A escalada do conflito entre Estados Unidos, Israel e Irã tem gerado turbulências na economia global, com impactos diretos nos preços do petróleo e fertilizantes. O bloqueio do Estreito de Ormuz pela Guarda Revolucionária iraniana e a redução da oferta de países do Golfo Pérsico já pressionam os custos de energia e insumos agrícolas em todo o mundo.
O índice CRB, um dos principais termômetros de matérias-primas, atingiu recentemente seu maior patamar desde 2011, refletindo a tensão no mercado. Diante desse cenário, surge a questão: o Brasil, como grande produtor e exportador de commodities, pode viver um novo “boom” semelhante ao experimentado nas décadas de 2000 e 2010?
Contexto atual versus o boom anterior
O chamado “boom das commodities” do início do século XXI foi impulsionado principalmente pelo acelerado crescimento da China, que demandava volumes crescentes de matérias-primas para alimentar sua expansão industrial. Na época, o país asiático registrava taxas anuais de crescimento do PIB superiores a 9%, tornando-se o maior parceiro comercial do Brasil.
Hoje, a situação é diferente. A economia chinesa desacelerou, projetando para 2026 uma meta de crescimento abaixo de 5% – a mais baixa desde 1991. Ainda assim, a China permanece como destino crucial para as exportações brasileiras: compra 80% da soja, 56% do minério de ferro e 45% do petróleo bruto produzido no país.
Impactos da guerra no abastecimento global
O fechamento do Estreito de Ormuz afeta diretamente o fluxo de petróleo, gás natural e fertilizantes – cerca de um terço da ureia mundial, fertilizante nitrogenado essencial, passa por essa rota. O Irã é um dos maiores exportadores globais desse insumo.
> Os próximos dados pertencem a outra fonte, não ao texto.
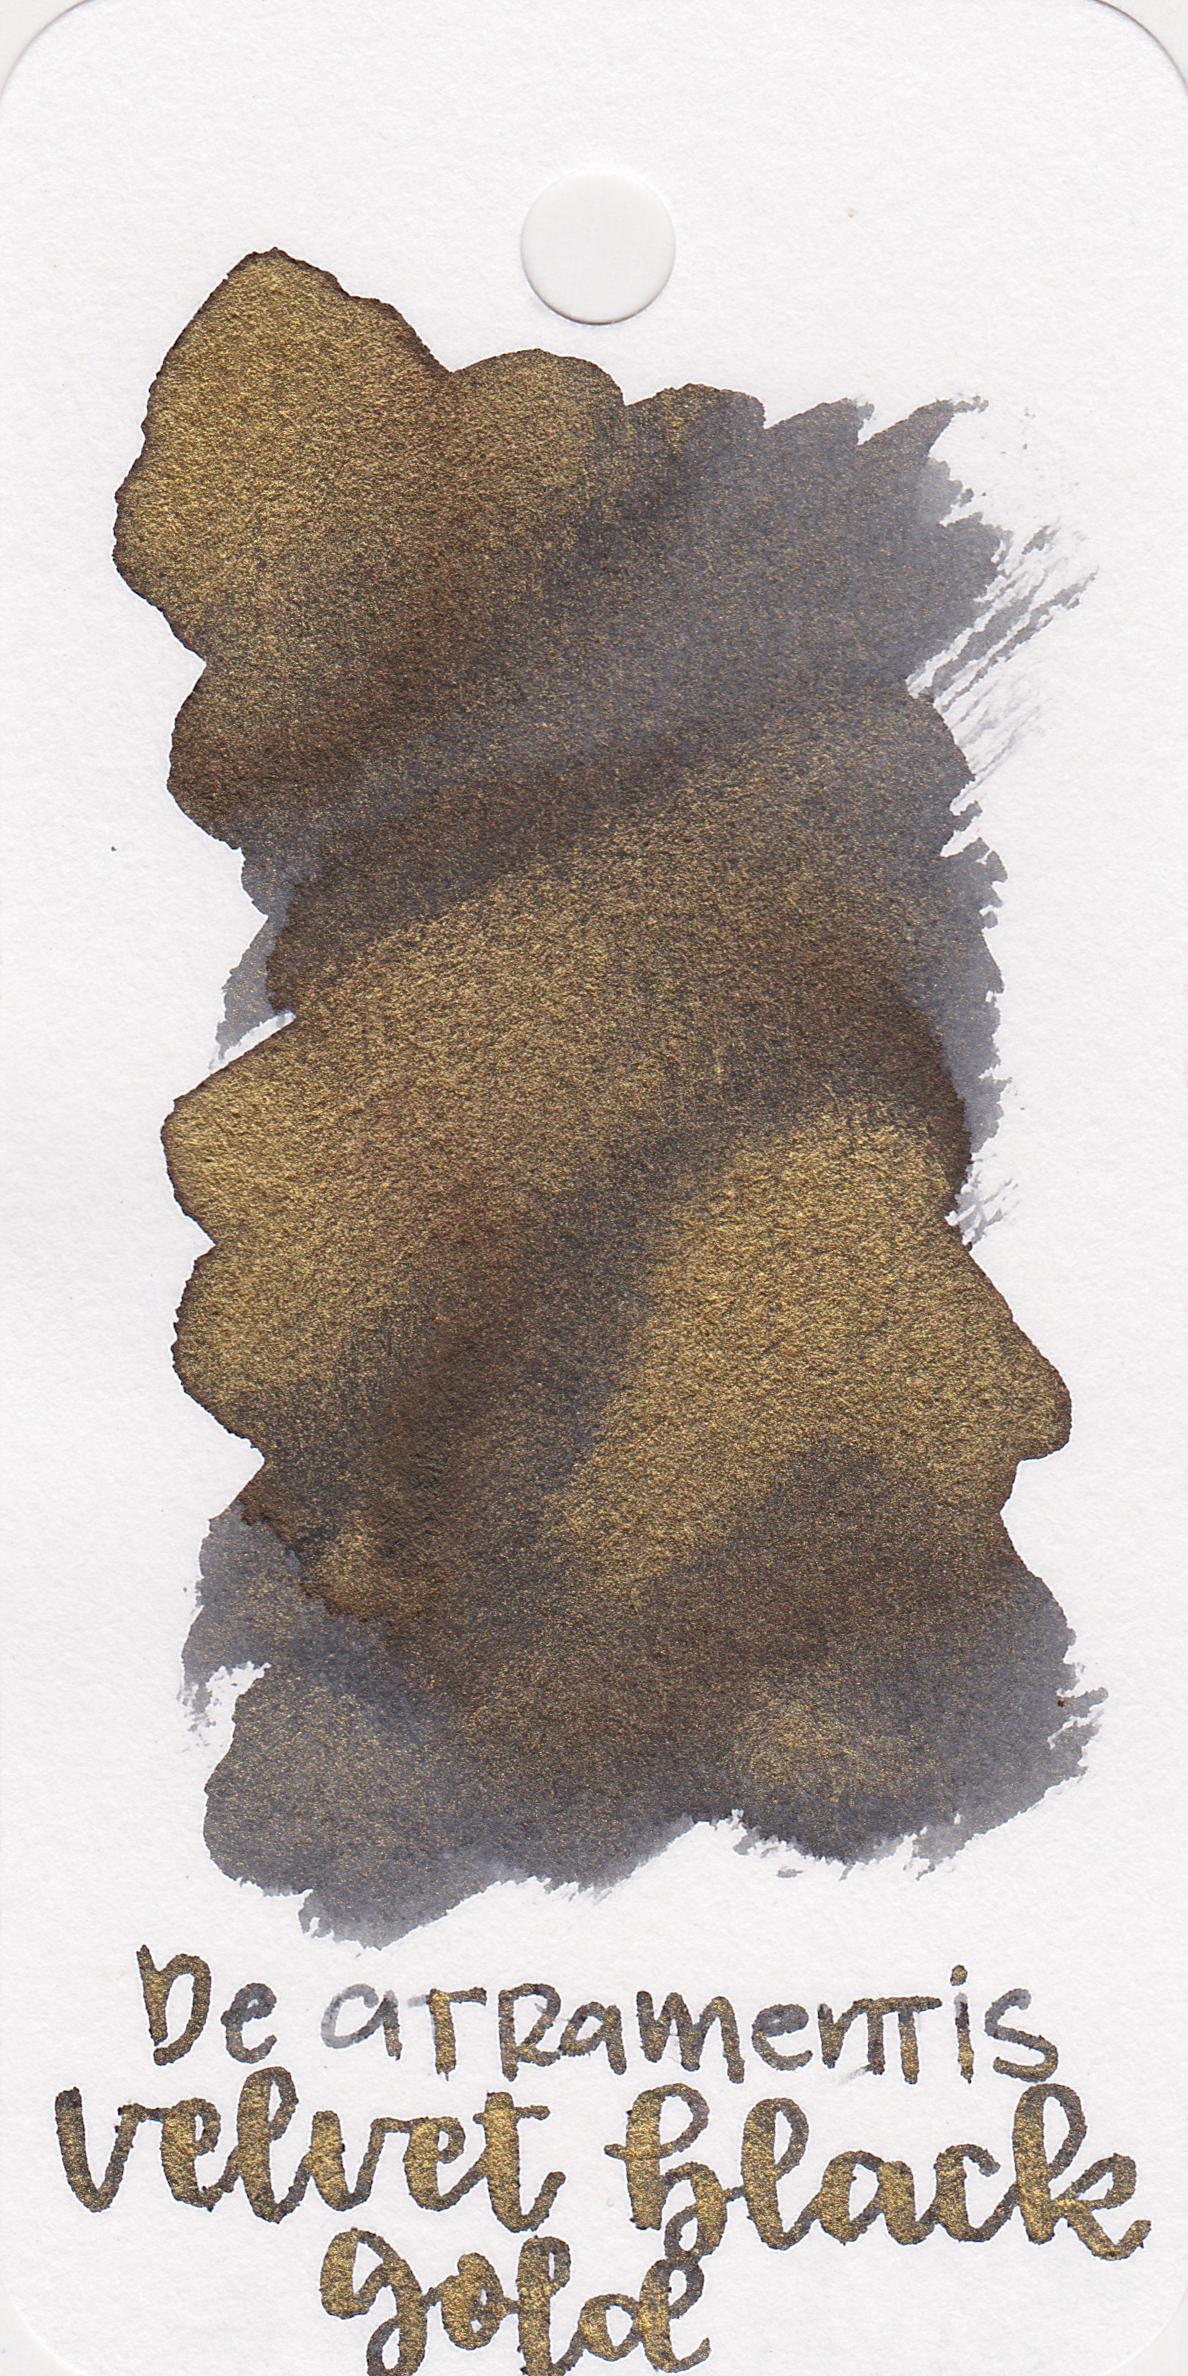 da-velvet-black-gold-1.jpg

Francisco Américo Cassano, professor de Relações Internacionais da Universidade Santa Cecília, explica que um bloqueio prolongado pode pressionar os preços das commodities agrícolas. “Para a China, por exemplo, o fornecimento de grãos do Brasil deverá ficar no mesmo patamar. Só que, se houver alta dos preços, isso gera uma maior receita. Não é uma coisa muito significativa, mas pode acontecer”, afirma.
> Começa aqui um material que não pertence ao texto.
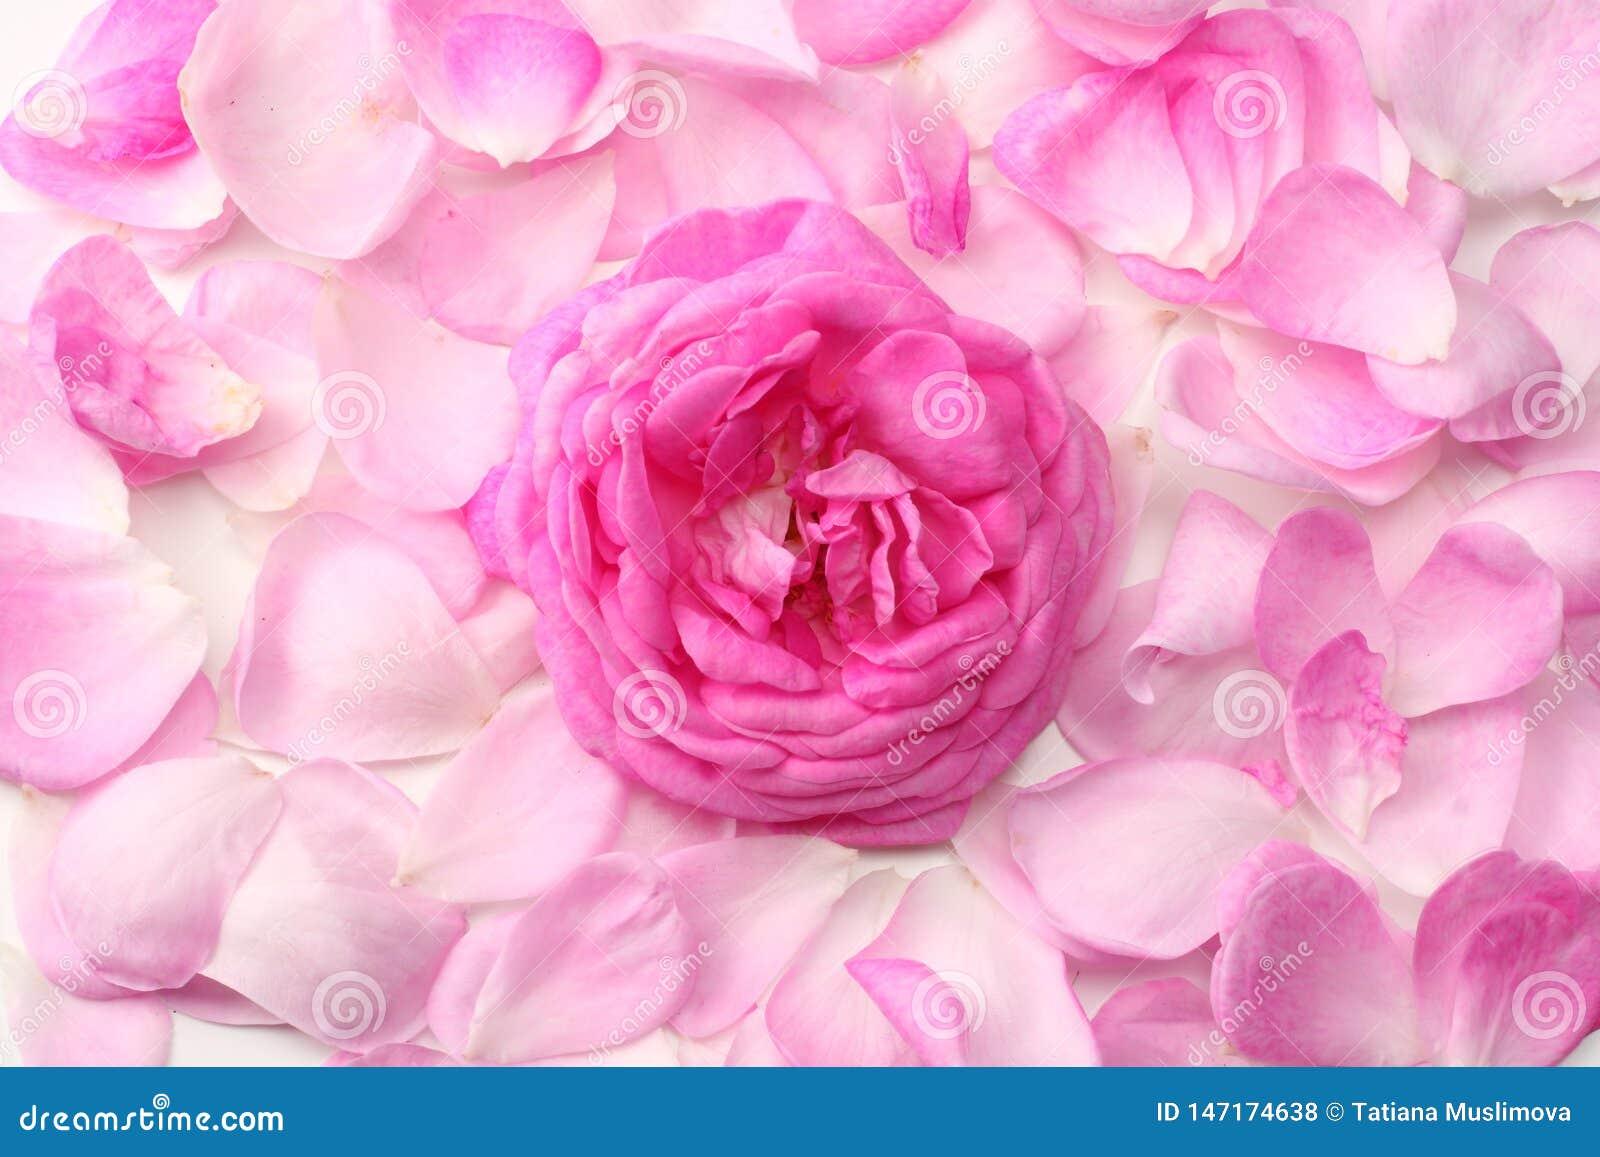 розовые лепестки розы изолированные на белой предпосылке r

Oportunidades e riscos para o Brasil
Jorge Arbache, professor de economia da Universidade de Brasília (UnB), destaca que a distância geográfica e política do Brasil em relação ao conflito pode ser uma vantagem. “O país se torna uma opção de investimento de uma forma geral, exatamente porque está longe das tensões. Tem várias oportunidades de negócios – na agricultura, na energia e diversos outros setores”, avalia.
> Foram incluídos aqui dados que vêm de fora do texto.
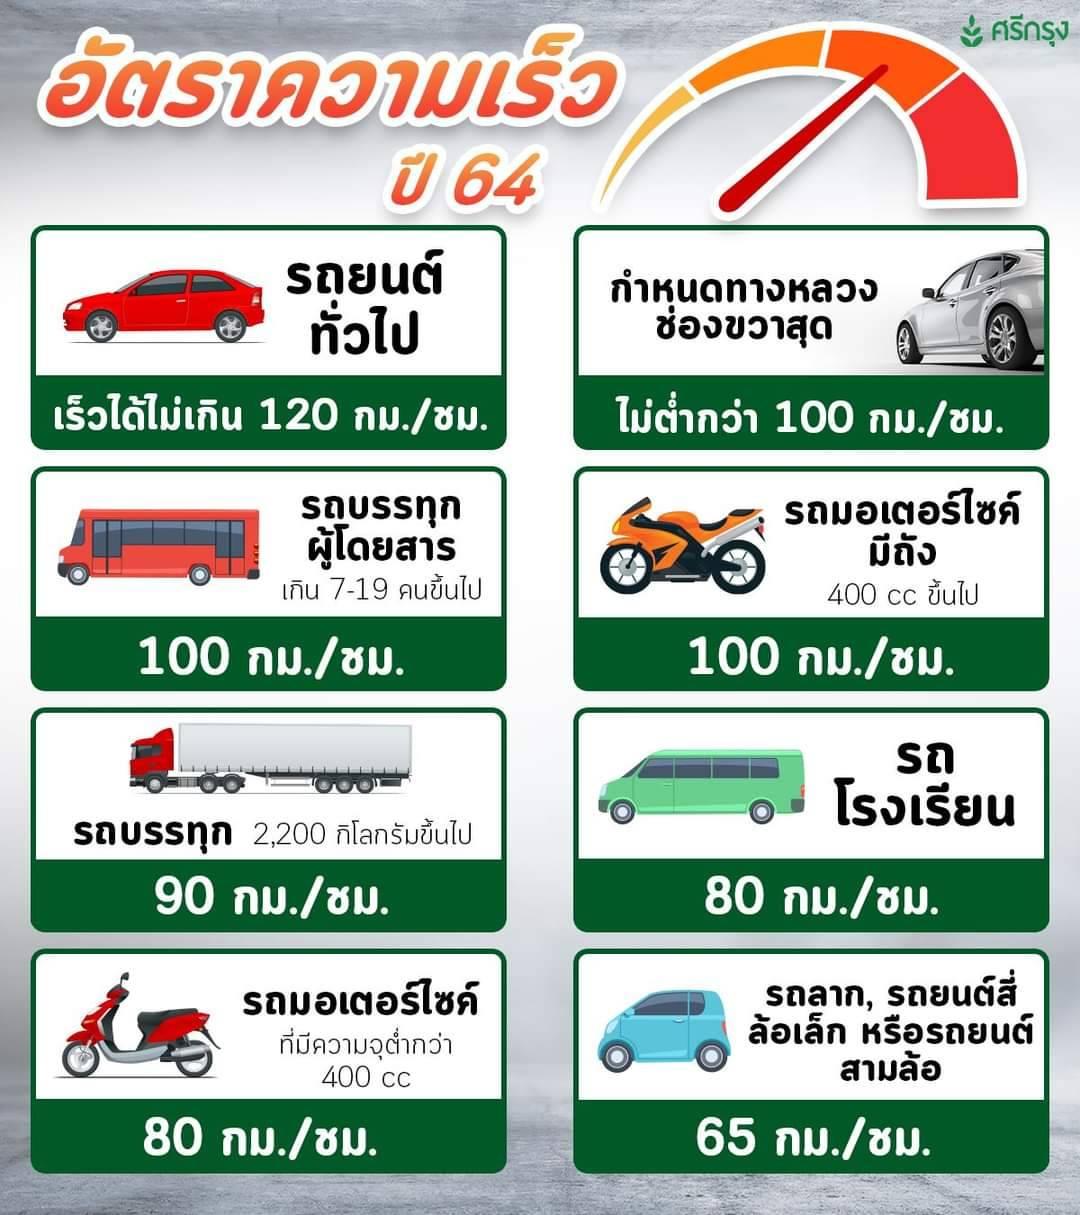 รู้กฎก่อนขับเร็ว ปลอดภัย โดนใบสั่ง!!

No médio e longo prazos, a tendência de alta nos preços de energia e alimentos – agravada pelas mudanças climáticas e pela instabilidade geopolítica – pode beneficiar o Brasil como exportador. No entanto, Arbache ressalta que esse cenário é “condicionado pela incerteza”.
Desafios no curto prazo
Imediatamente, os efeitos são mais complexos. O aumento do risco geopolítico pode elevar o risco-país e o custo de crédito para economias emergentes. Além disso, a alta do petróleo e dos fertilizantes impacta diretamente os custos de produção e logística no Brasil, com reflexos nos preços internos.
“Os preços tendem a subir também porque o produtor está recebendo mais lá fora e isso impacta diretamente os preços internos, gerando mais inflação”, alerta Cassano.
Outro fator preocupante é a possível redução de investimentos de fundos soberanos de países do Golfo Pérsico – como Emirados Árabes, Catar e Arábia Saudita –, afetados por retaliações iranianas a suas infraestruturas energéticas.
Conclusão: benefício condicional e assimétrico
Embora o Brasil possa se beneficiar de uma valorização das commodities que exporta, especialistas não veem as condições para um “boom” comparável ao do passado. O contexto é distinto, marcado por desaceleração chinesa, pressões inflacionárias globais e incertezas prolongadas.
No curto prazo, o consumidor brasileiro pode sentir os efeitos negativos da guerra através de preços mais altos. No longo prazo, a maior atratividade do Brasil para investimentos pode gerar crescimento e emprego. Como resume Arbache: “É uma guerra que mirou um alvo e está acertando em vários outros, com múltiplas complicações econômicas”.